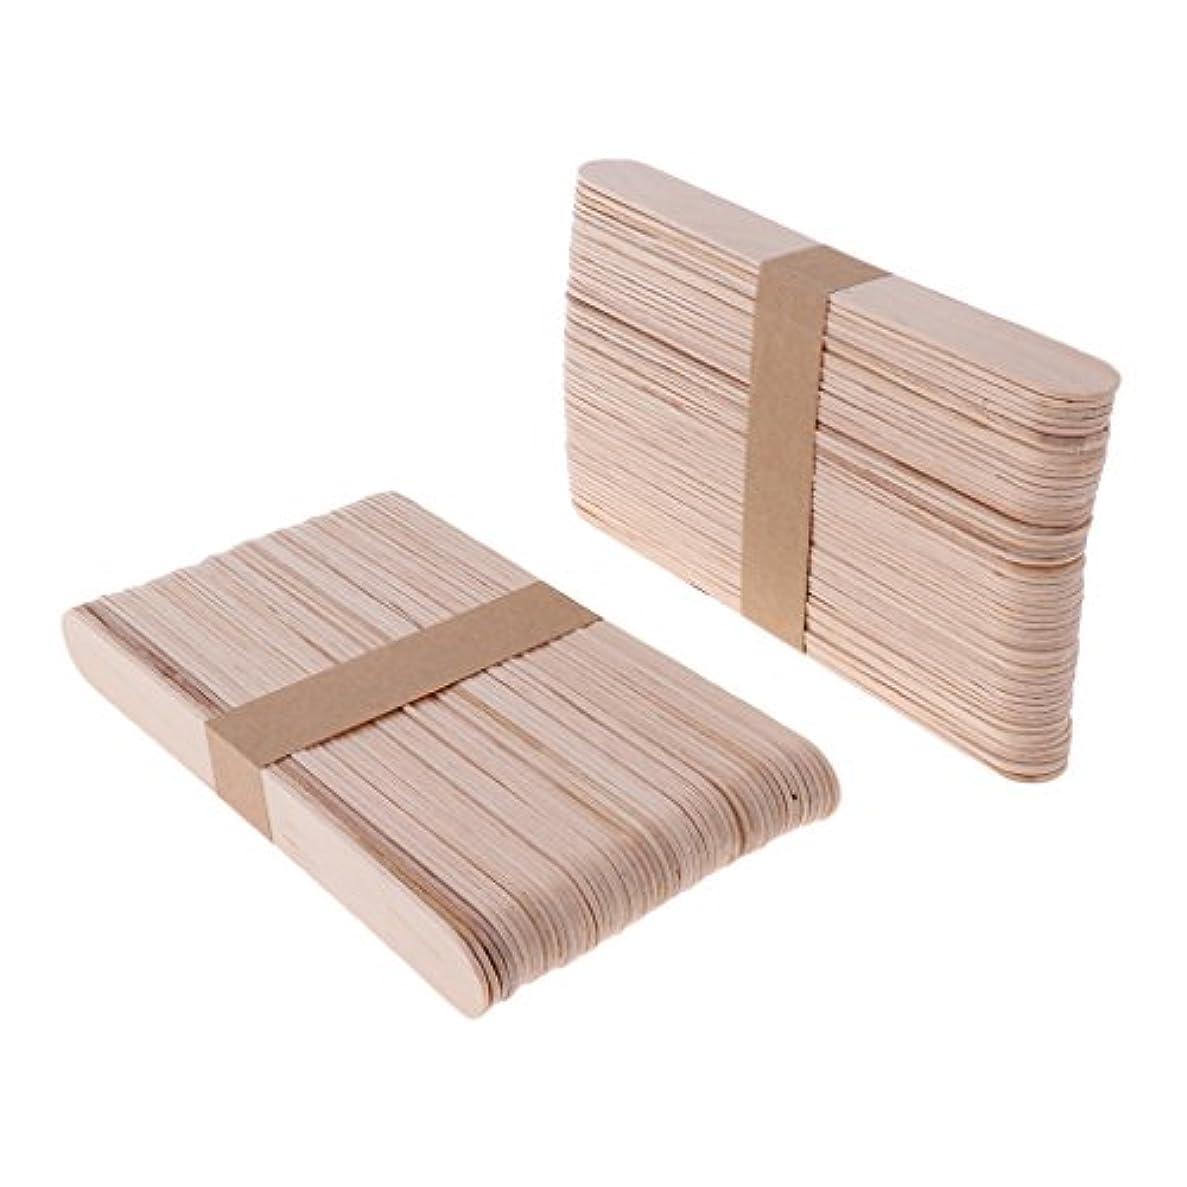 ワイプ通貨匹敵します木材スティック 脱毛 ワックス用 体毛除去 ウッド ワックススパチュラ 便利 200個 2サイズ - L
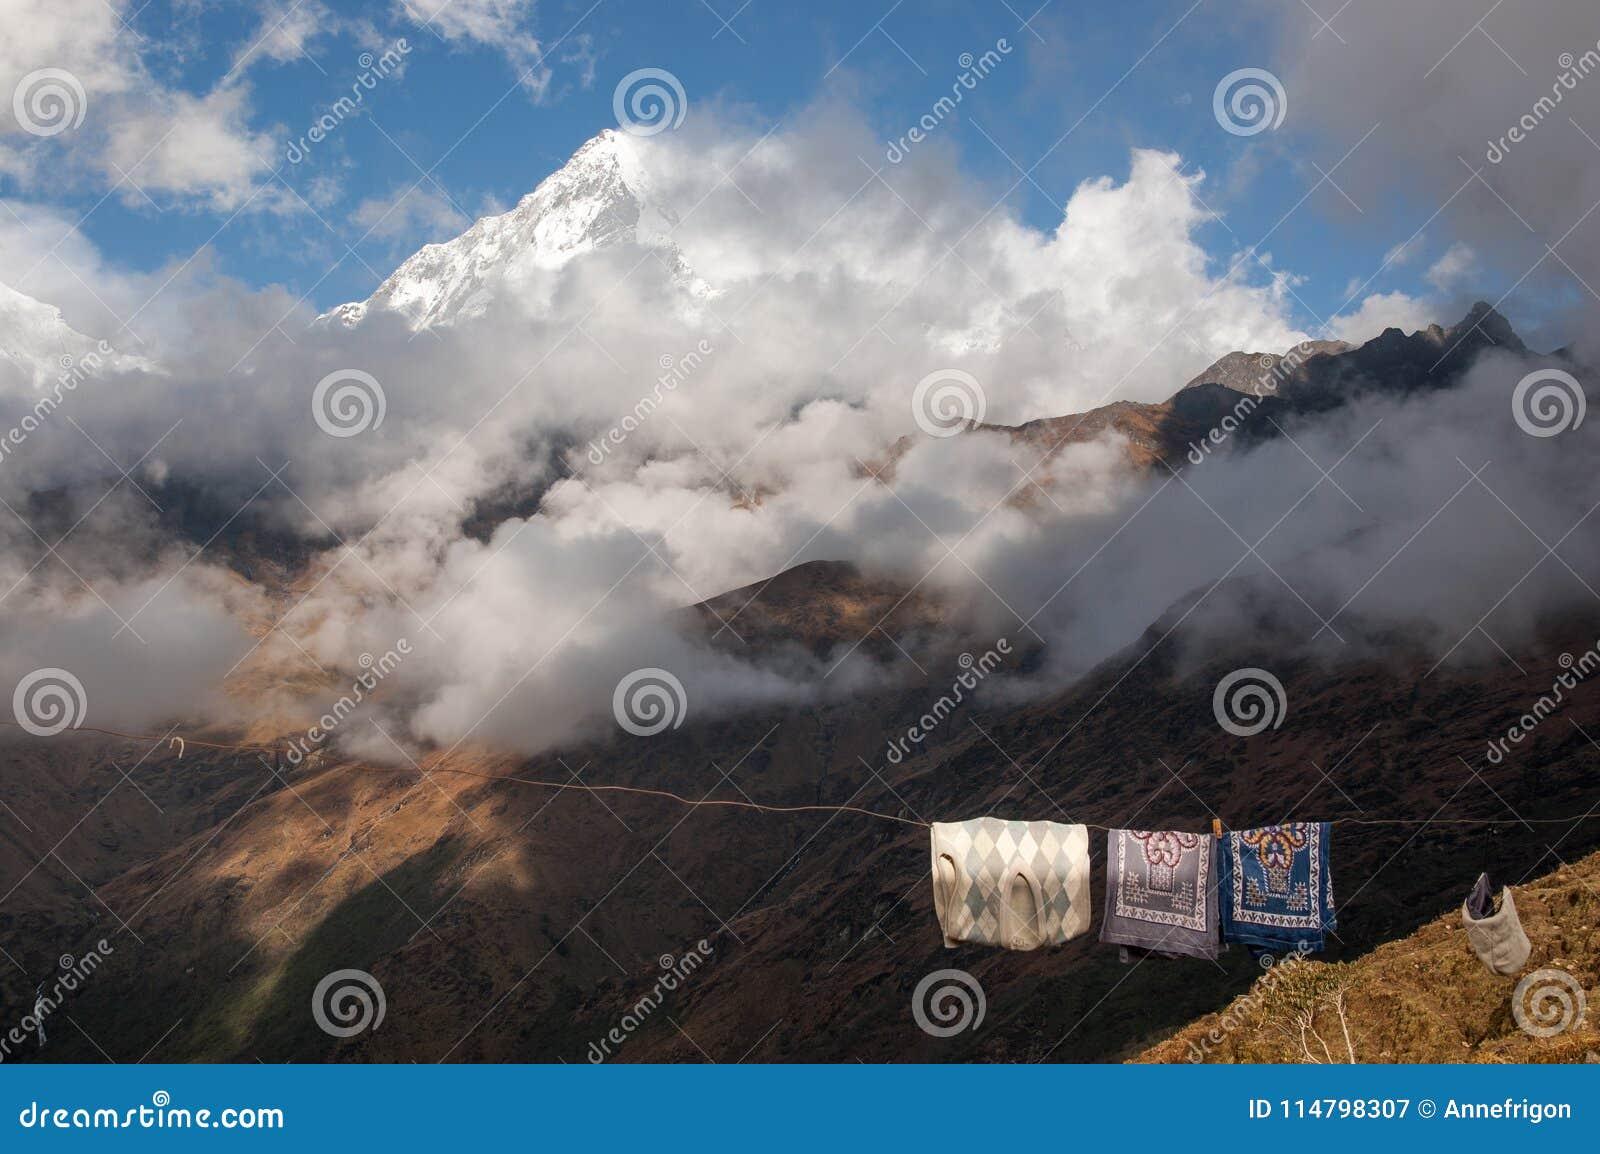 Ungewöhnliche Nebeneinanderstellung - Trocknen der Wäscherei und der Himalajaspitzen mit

● ● ● ●

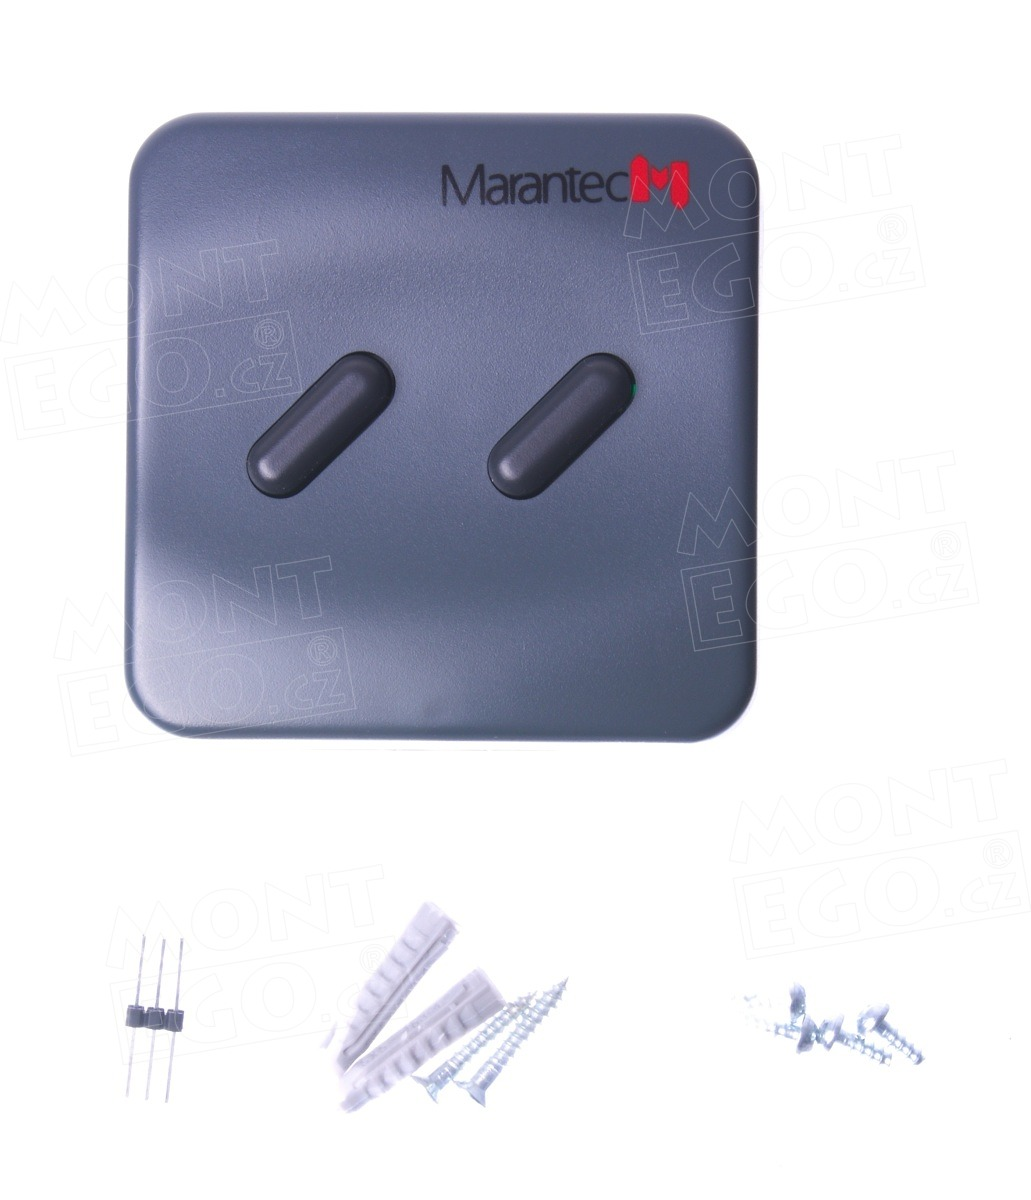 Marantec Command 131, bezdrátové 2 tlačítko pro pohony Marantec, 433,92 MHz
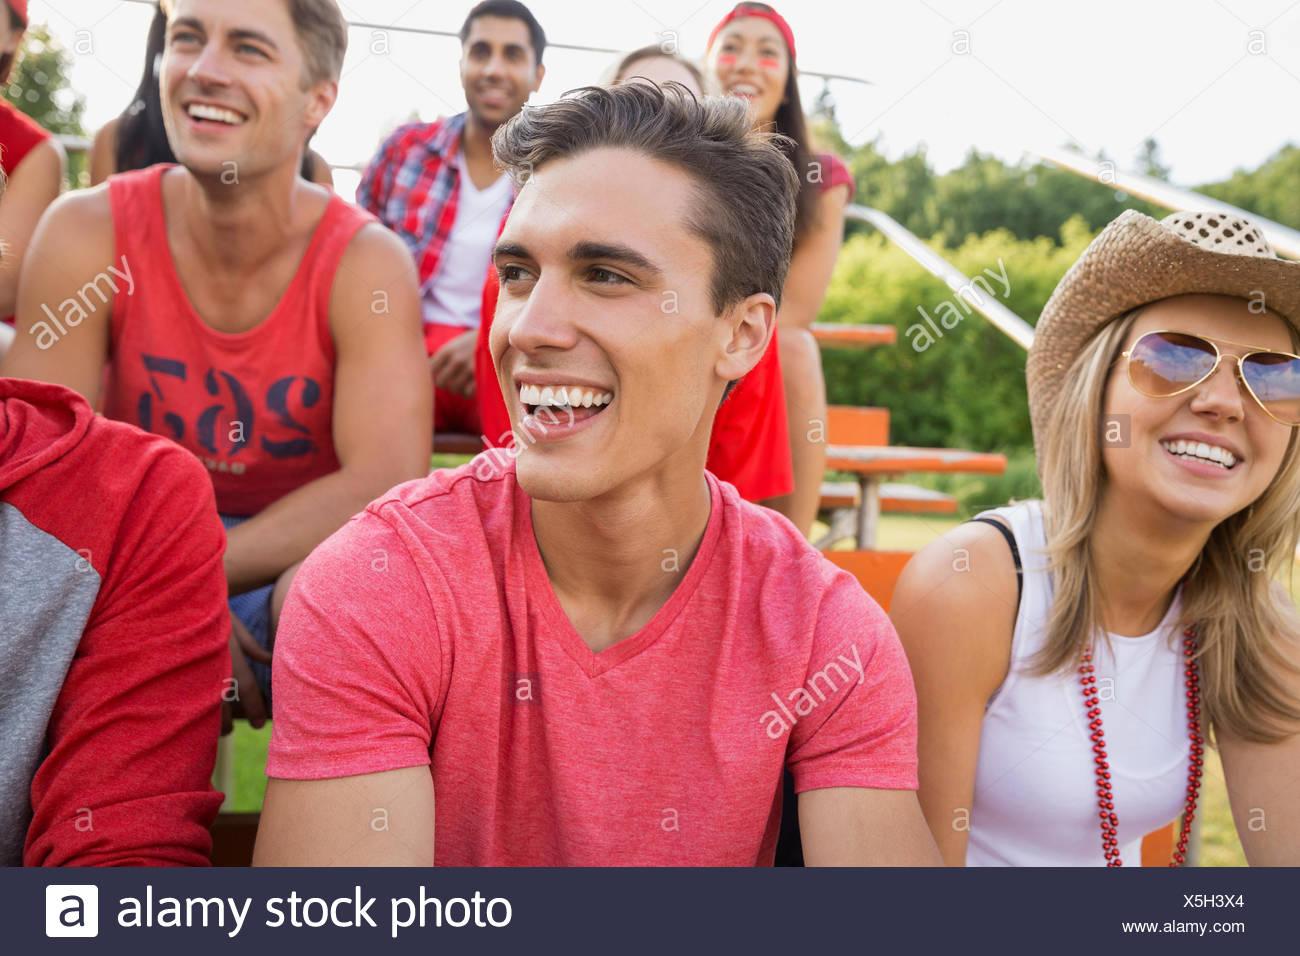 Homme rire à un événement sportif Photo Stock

● ● ● ●

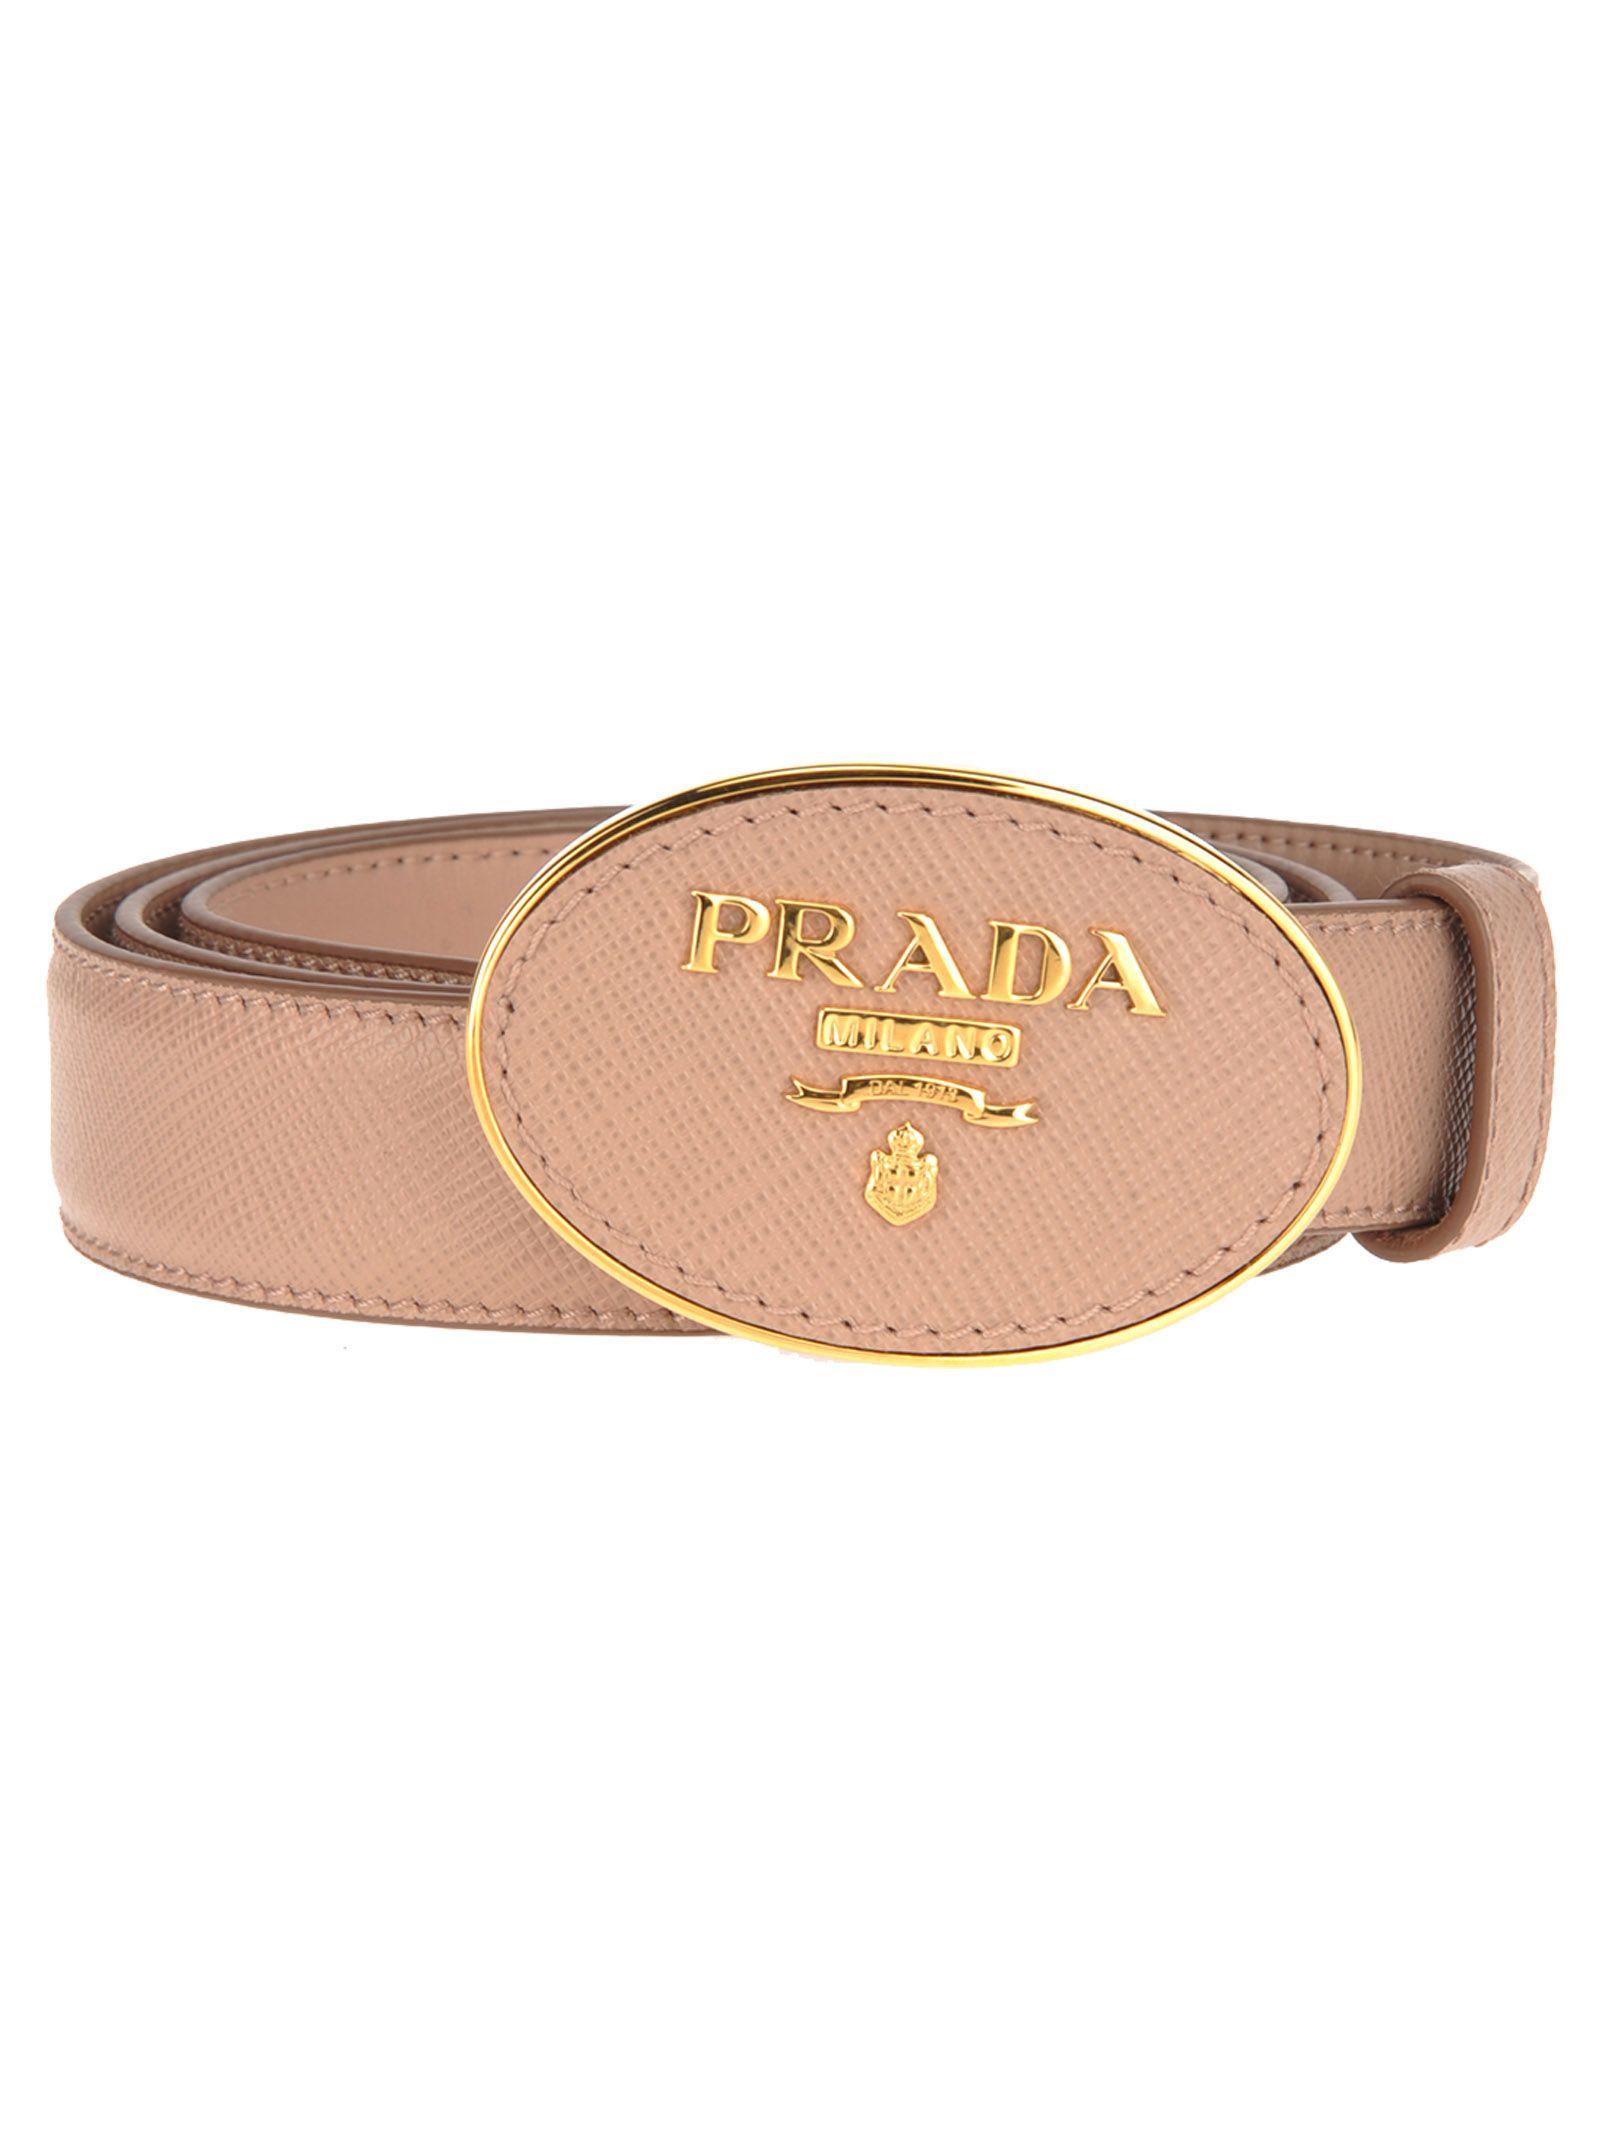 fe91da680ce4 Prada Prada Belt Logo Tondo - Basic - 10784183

● ● ● ●

What you will do:
Both the line containing "ワイプ通貨匹敵します木材スティック 脱毛 ワックス用" and the line containing "Ungewöhnliche Nebeneinanderstellung - Trocknen" above belong in the output, as do the lines between them. Print them exactly, without pictures.

Result of the exercise:
 ワイプ通貨匹敵します木材スティック 脱毛 ワックス用 体毛除去 ウッド ワックススパチュラ 便利 200個 2サイズ - L
 Ungewöhnliche Nebeneinanderstellung - Trocknen der Wäscherei und der Himalajaspitzen mit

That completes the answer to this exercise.